Так сказала жена бесстрастным голосом. И глаза её светились смесью невозмутимости, насмешки, цинизма. Даже осуждающе гордо выпрямилась.
Они какое-то время смотрели друг другу в глаза. Никак не могли отвести взгляда. Евгения провела языком по губам.
-  Не думай, что просить прощение буду, и не жди, что на колени перед тобой паду. Устала. Некому меня жалеть…Отдала себя чурке с глазами…
- Ты что, Жень?
- А ничего! Через плечо!
Было и до этого, цепляла жизнь на крючок. Было, не раз казалось, что всё, тупик во всём. Мнимая надёжность кончалась полным беспросветом. Потом, конечно, всё забывалось. Но чтобы так, чтобы, глядя в глаза заявить…
Дана человеку возможность обманываться. Но ведь никто и не отнял посыл надежды в безнадёжной дали обрести спокойствие. Куда бы ни повела судьба, везде есть жизнь.
Непереносимо долго ждал следующей реплики. Холодело нутро. В словах таилась угроза и коварство. Слова приобретали оттенок зловещности.
Ужасной была минута, пронизанная ожиданием. Она безнадёжна, коварна своей непредсказуемостью.
Послышался шорох. Валентина оторвалась от стенки. Валентина зевнула, запахнула халат, запинаясь, проговорила:
- Виктор! Ты не обессудь, мы немного того, но ничего лишнего. Позвонить забыли. Напоздравлялись. Пирогами нас накормили. Время, понимаешь, потеряли. Сидели, разговаривали. Хотели Николашу за тобой послать, да как-то… Сам понимаешь…
Наигранно-бодрый голос. Два тусклых пятна глаза. Стремительно летит время, неуловимое время, что-то исправить, что-то попытаться сделать нет никаких сил.
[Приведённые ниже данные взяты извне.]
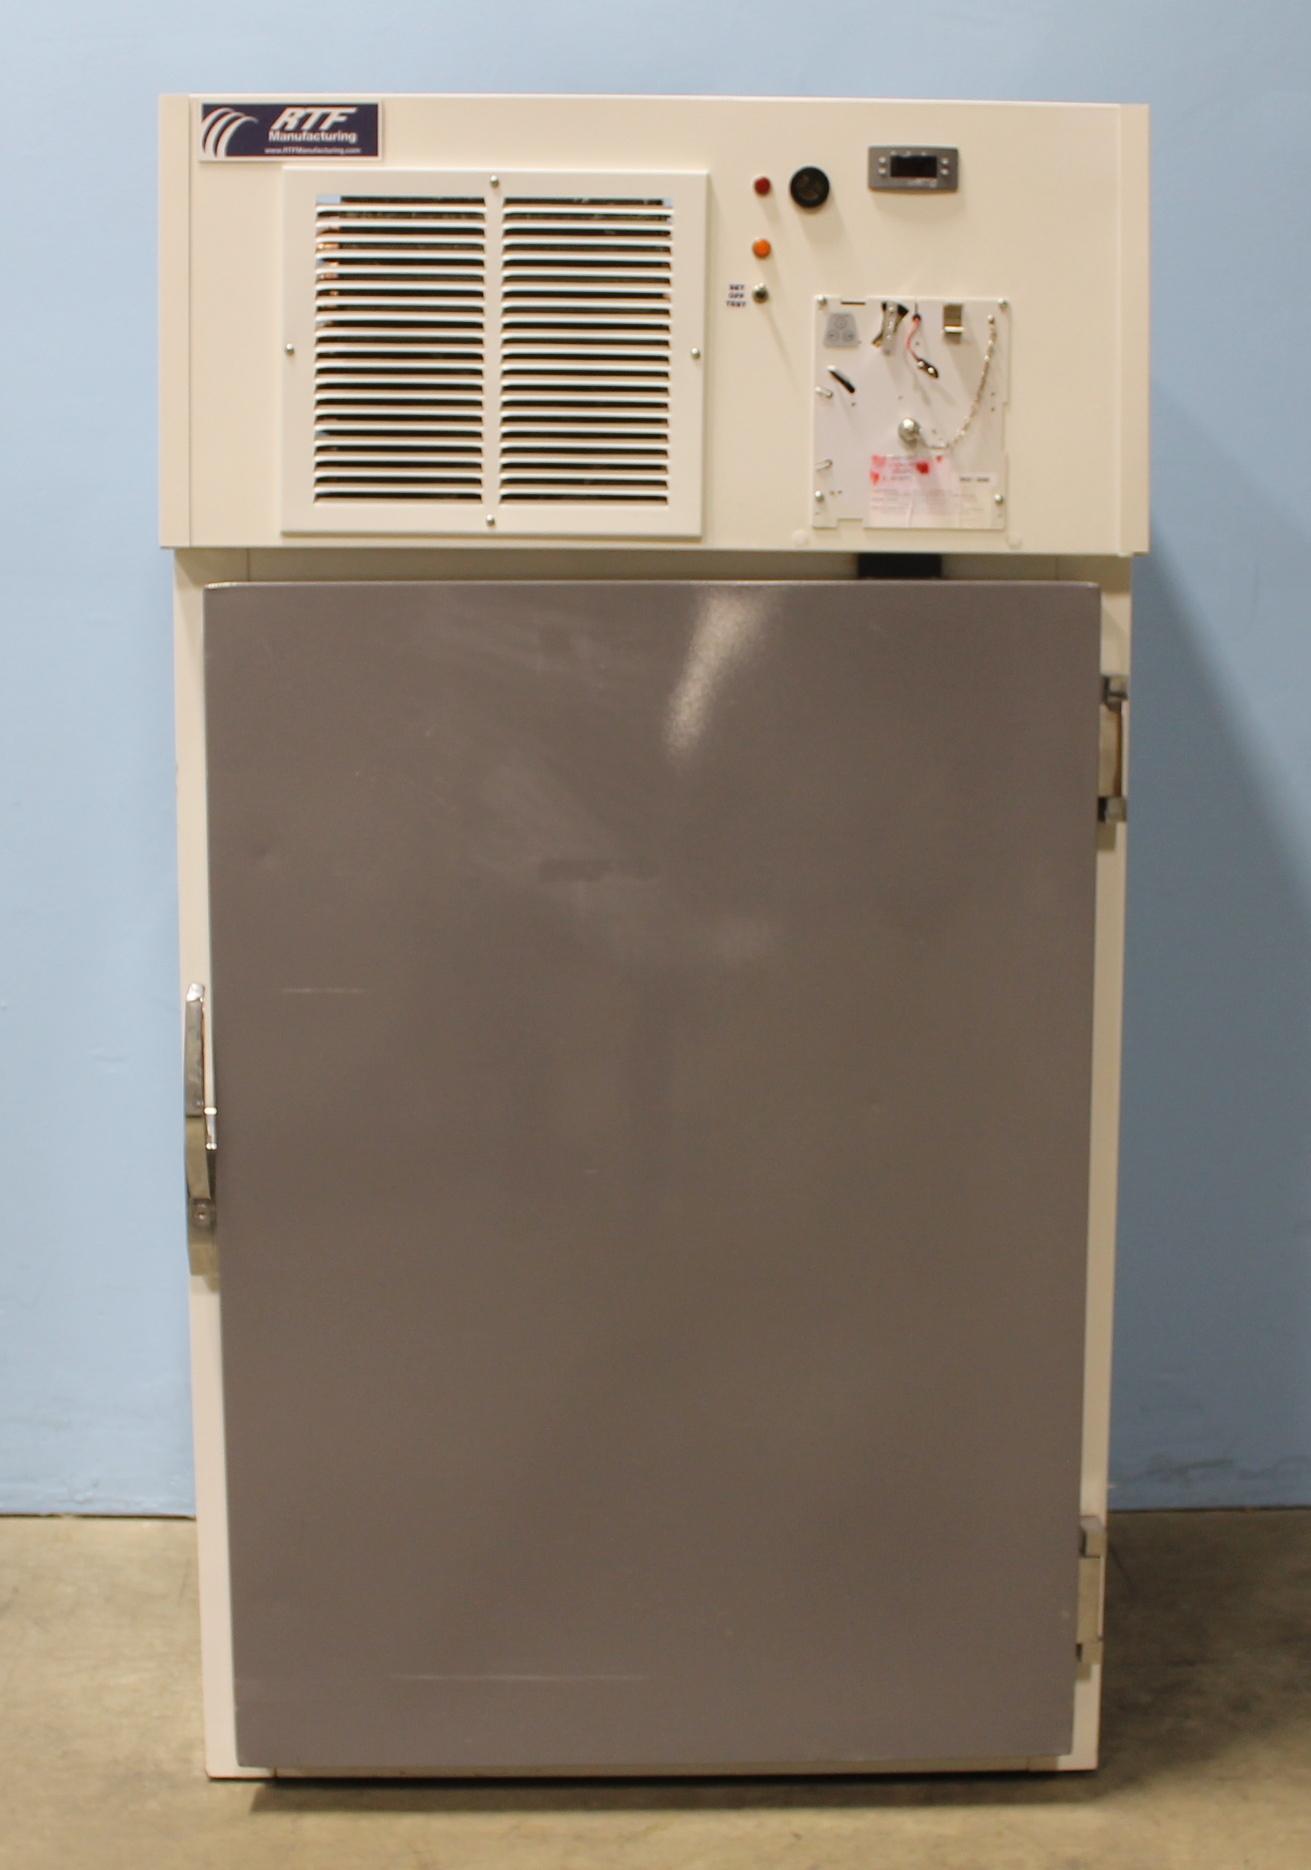 RTF Manufacturing -40C Blood Plasma Freezer Model HC-10-LT-T-BP Image

Судьба.
- К чёрту. Я с тобой развожусь. Уеду. Устала. Живу, как в тисках. Ты холоден, ты пуст, ты понятия не имеешь, что такое любовь, как это любить. С тобой хорошо, основательный, но ты – машина. Семён, будь он неладен, на ночь вспомнился, – он хоть и надругался надо мной, но брал меня с удовольствием. А тебе я сама отдаюсь по принуждению: надо, чтобы тебе было хорошо. Тебе!
- Ты чего, Жень?
- Молчи! – Евгения сделала движение, будто собралась закрыть рот Виктора ладонью. – Радостной минуточки нет. Скукотища! – безо всякой связи сказала жена совершенно безразличным тоном. - Хочу, чтобы ты знал: ничего предосудительного не сделала. Спорить и обвинять не в чем. Или – или. Ну, напились бабы! Настроение таким было. Да, Валюх, можем мы иногда оторваться по полной программе? – Евгения спрашивала у Валентины, а смотрела на Виктора.
Прострация. Всё нереально. Злость улетучилась. В минуту понял, что не осталось никаких желаний. Ни пить или есть, ни куда-то идти. Ужасный запах перегара. Зевок Валентины. Тусклая лампочка в коридоре.
Едва сдержался, чтобы не ударить жену. Но почему-то вместо этого начал медленно гладить её руку. Гладил и гладил, и возникло чувство, словно гладит чужого ребёнка. И Евгения не отводила глаз. Еле заметно кивнула. А глазах стояли слёзы. Боязливо передернула плечами.
- Ты должен мне верить,- сказала она рассеянно, словно и не было слов укора и неприязни. - Я твой крест. - Помолчала. – Хочется счастья, чтобы любили… Сколько той жизни осталось…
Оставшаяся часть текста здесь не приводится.